**Work required**
Write out the lines below once more, exactly as they appear. Do not include pictures.

**Information supplied**
□ □ □ □ □

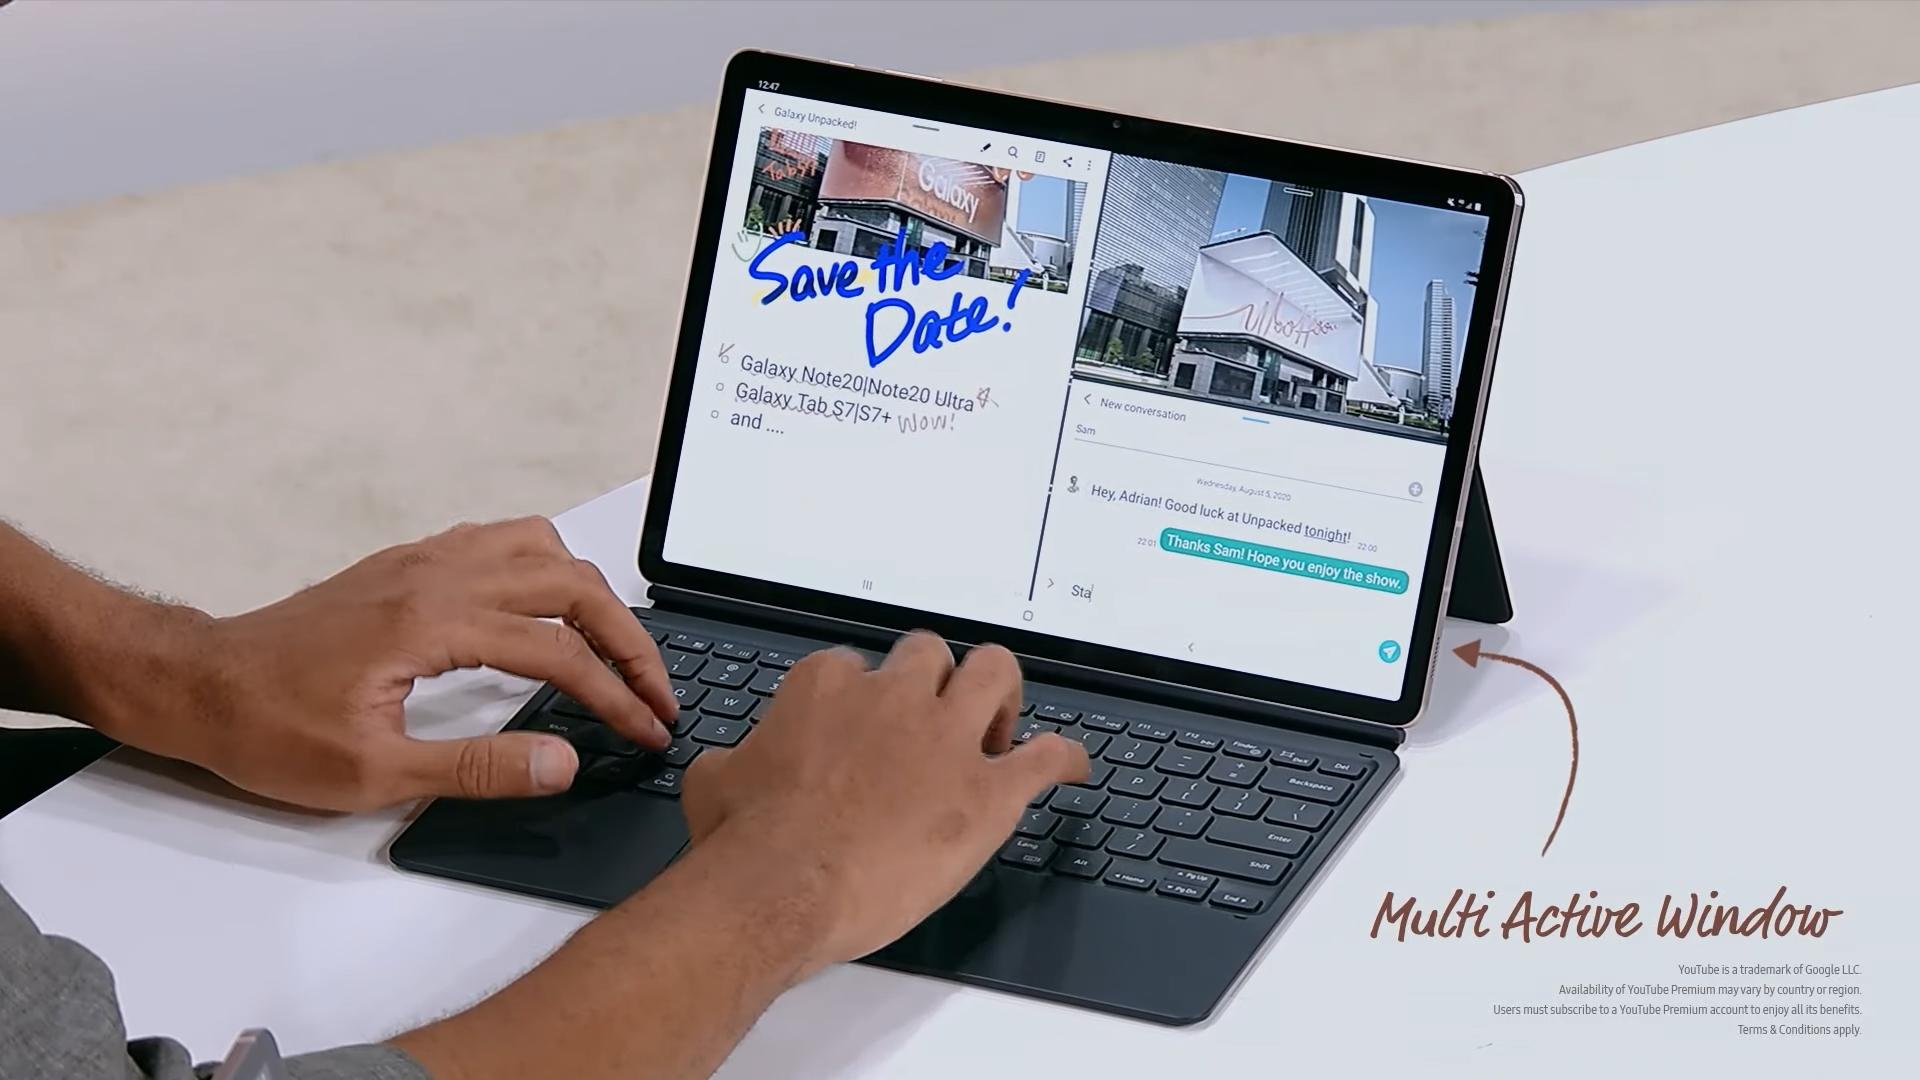 갤럭시 탭S7에 전용 북 커버 키보드를 조합해 노트북처럼 사용하고 있다. [사진=삼성전자]
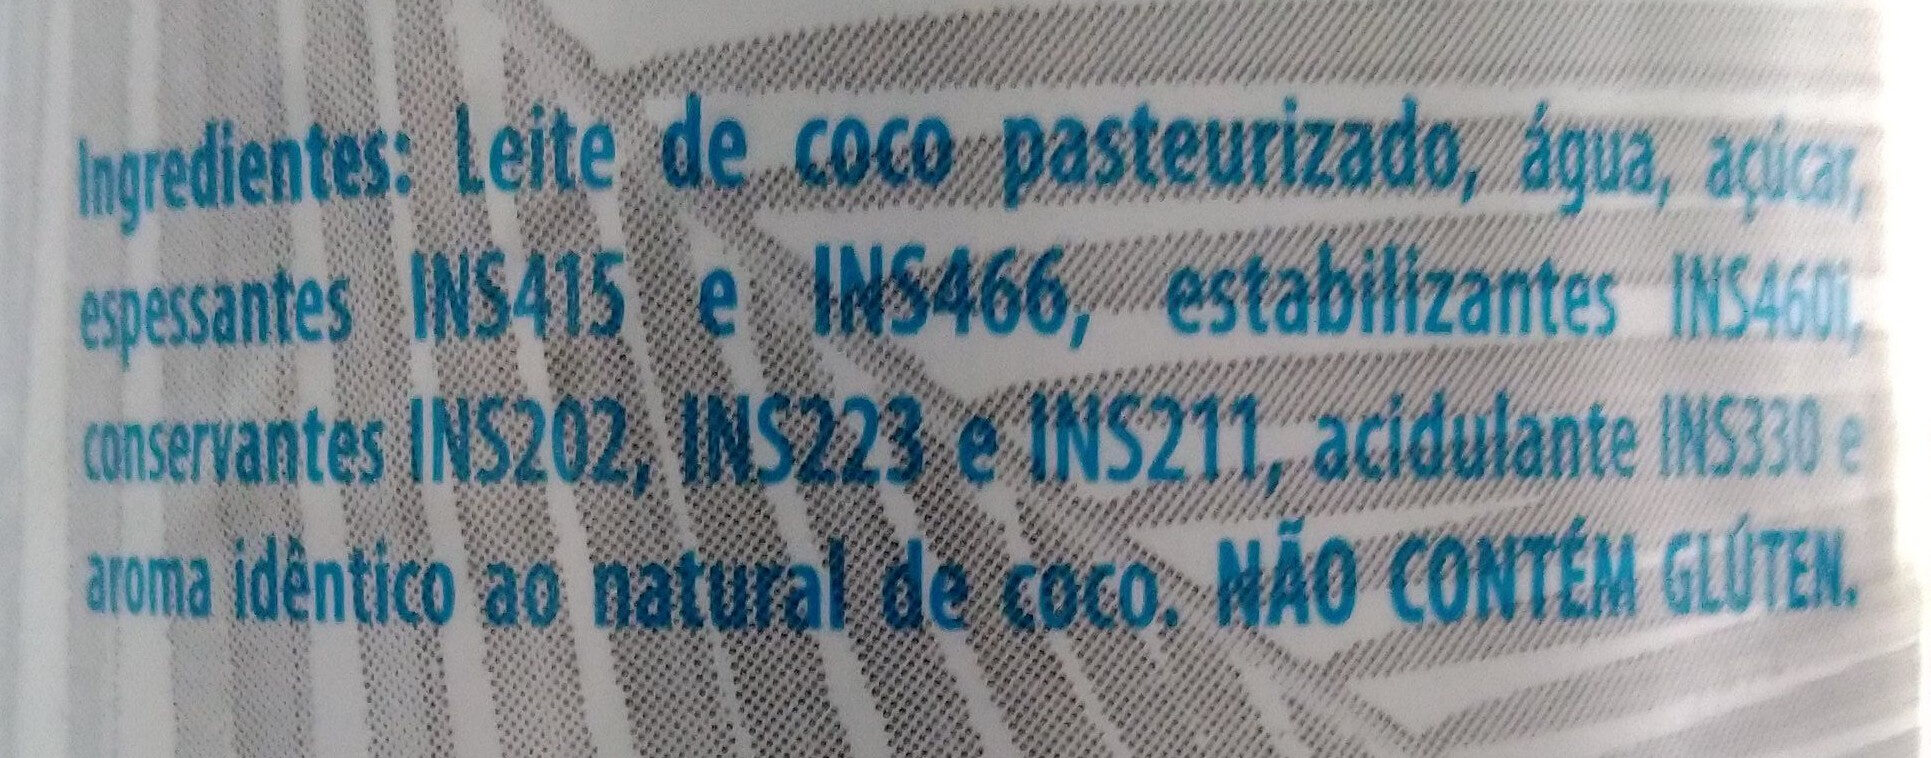 Leite de coco light - Ingredientes - pt
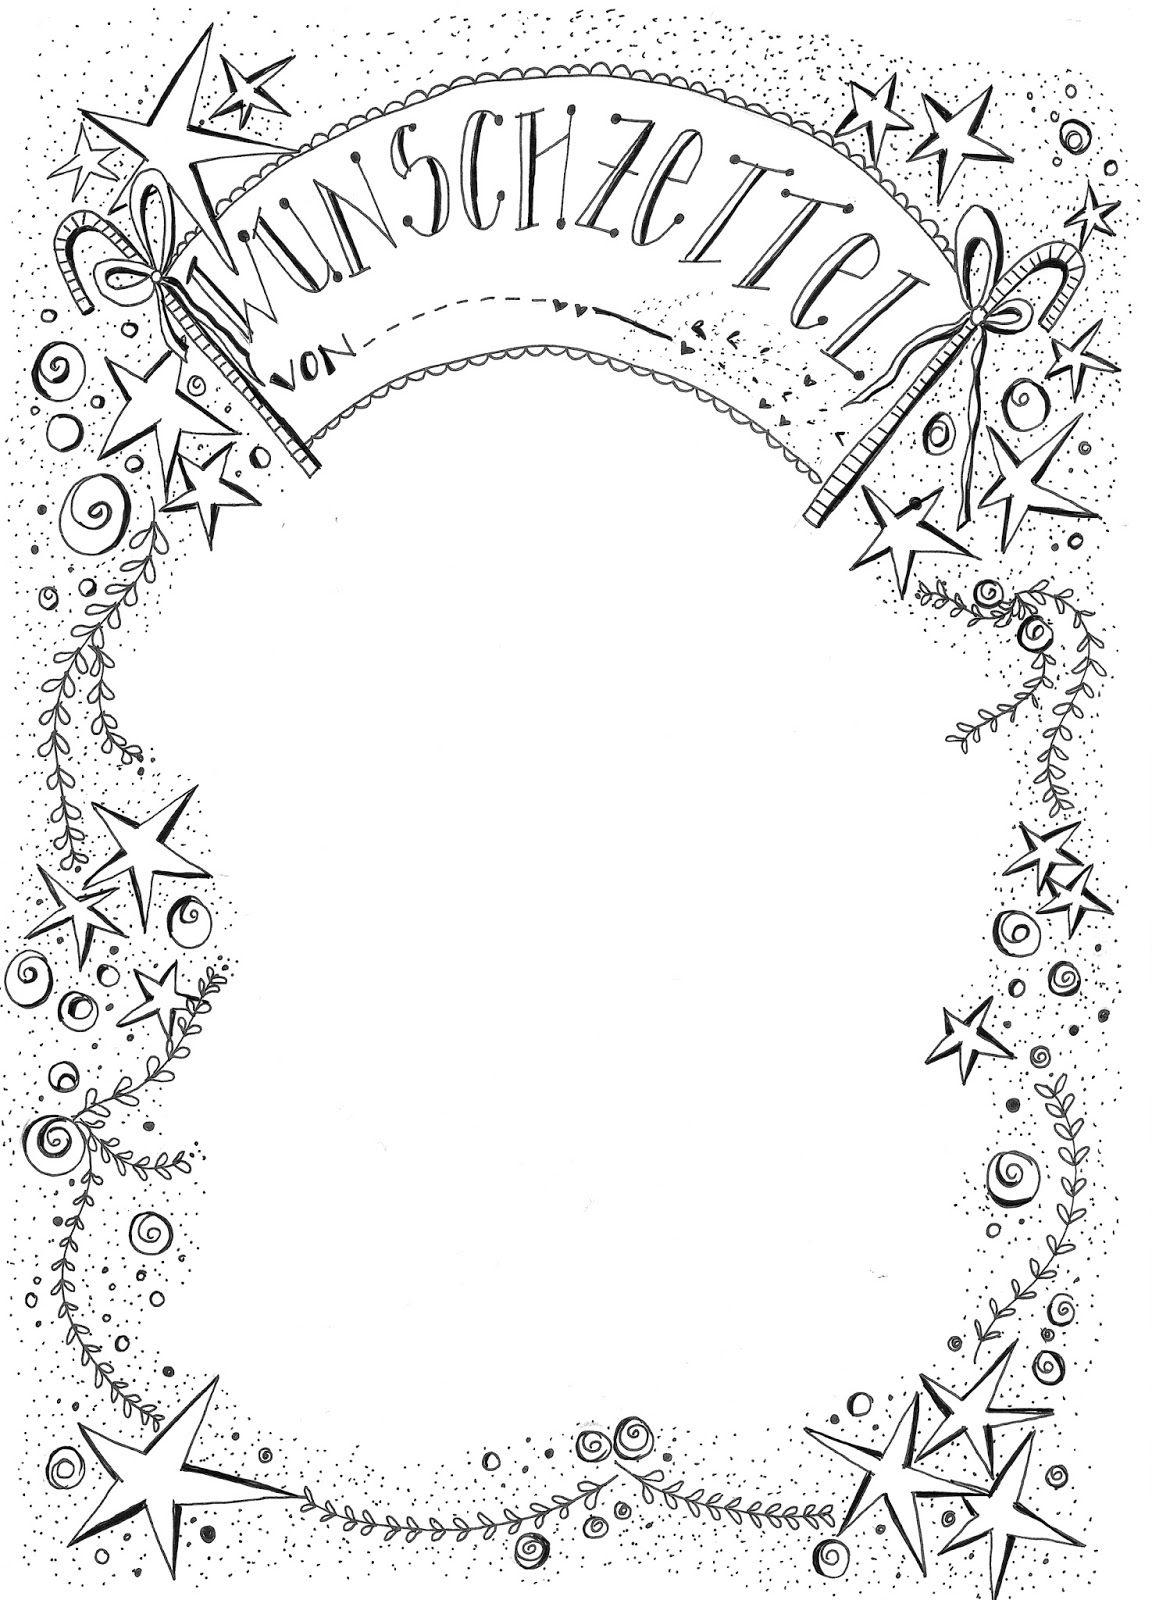 Wunschzettel Vorlage #1.adventspruch
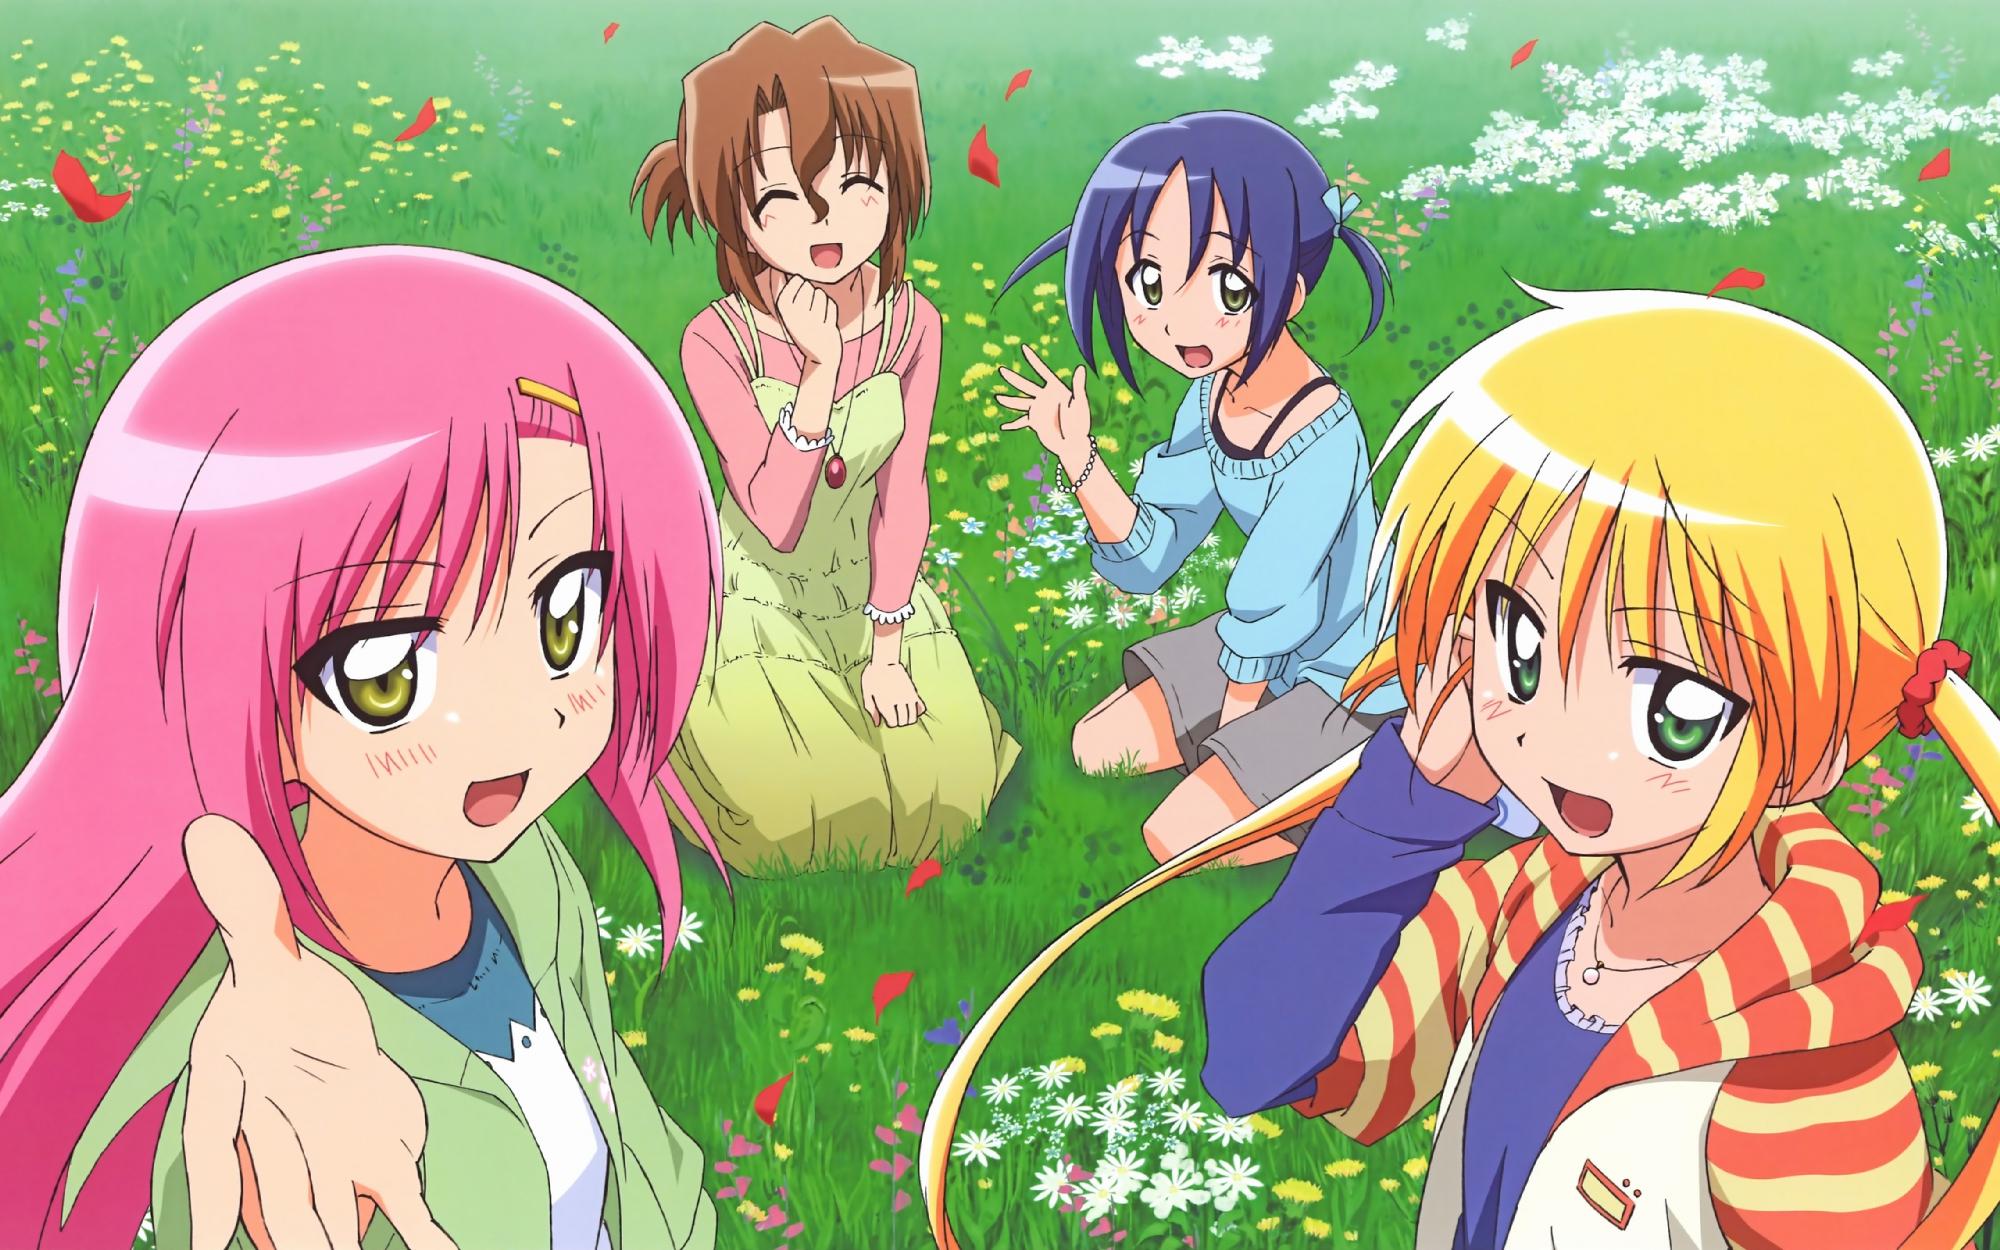 hayate_no_gotoku katsura_hinagiku maria_(hayate_no_gotoku) nishizawa_ayumu sanzenin_nagi

□ □ □ □ □

**Expected output**
 갤럭시 탭S7에 전용 북 커버 키보드를 조합해 노트북처럼 사용하고 있다. [사진=삼성전자]
 Leite de coco light - Ingredientes - pt
 Wunschzettel Vorlage #1.adventspruch
 hayate_no_gotoku katsura_hinagiku maria_(hayate_no_gotoku) nishizawa_ayumu sanzenin_nagi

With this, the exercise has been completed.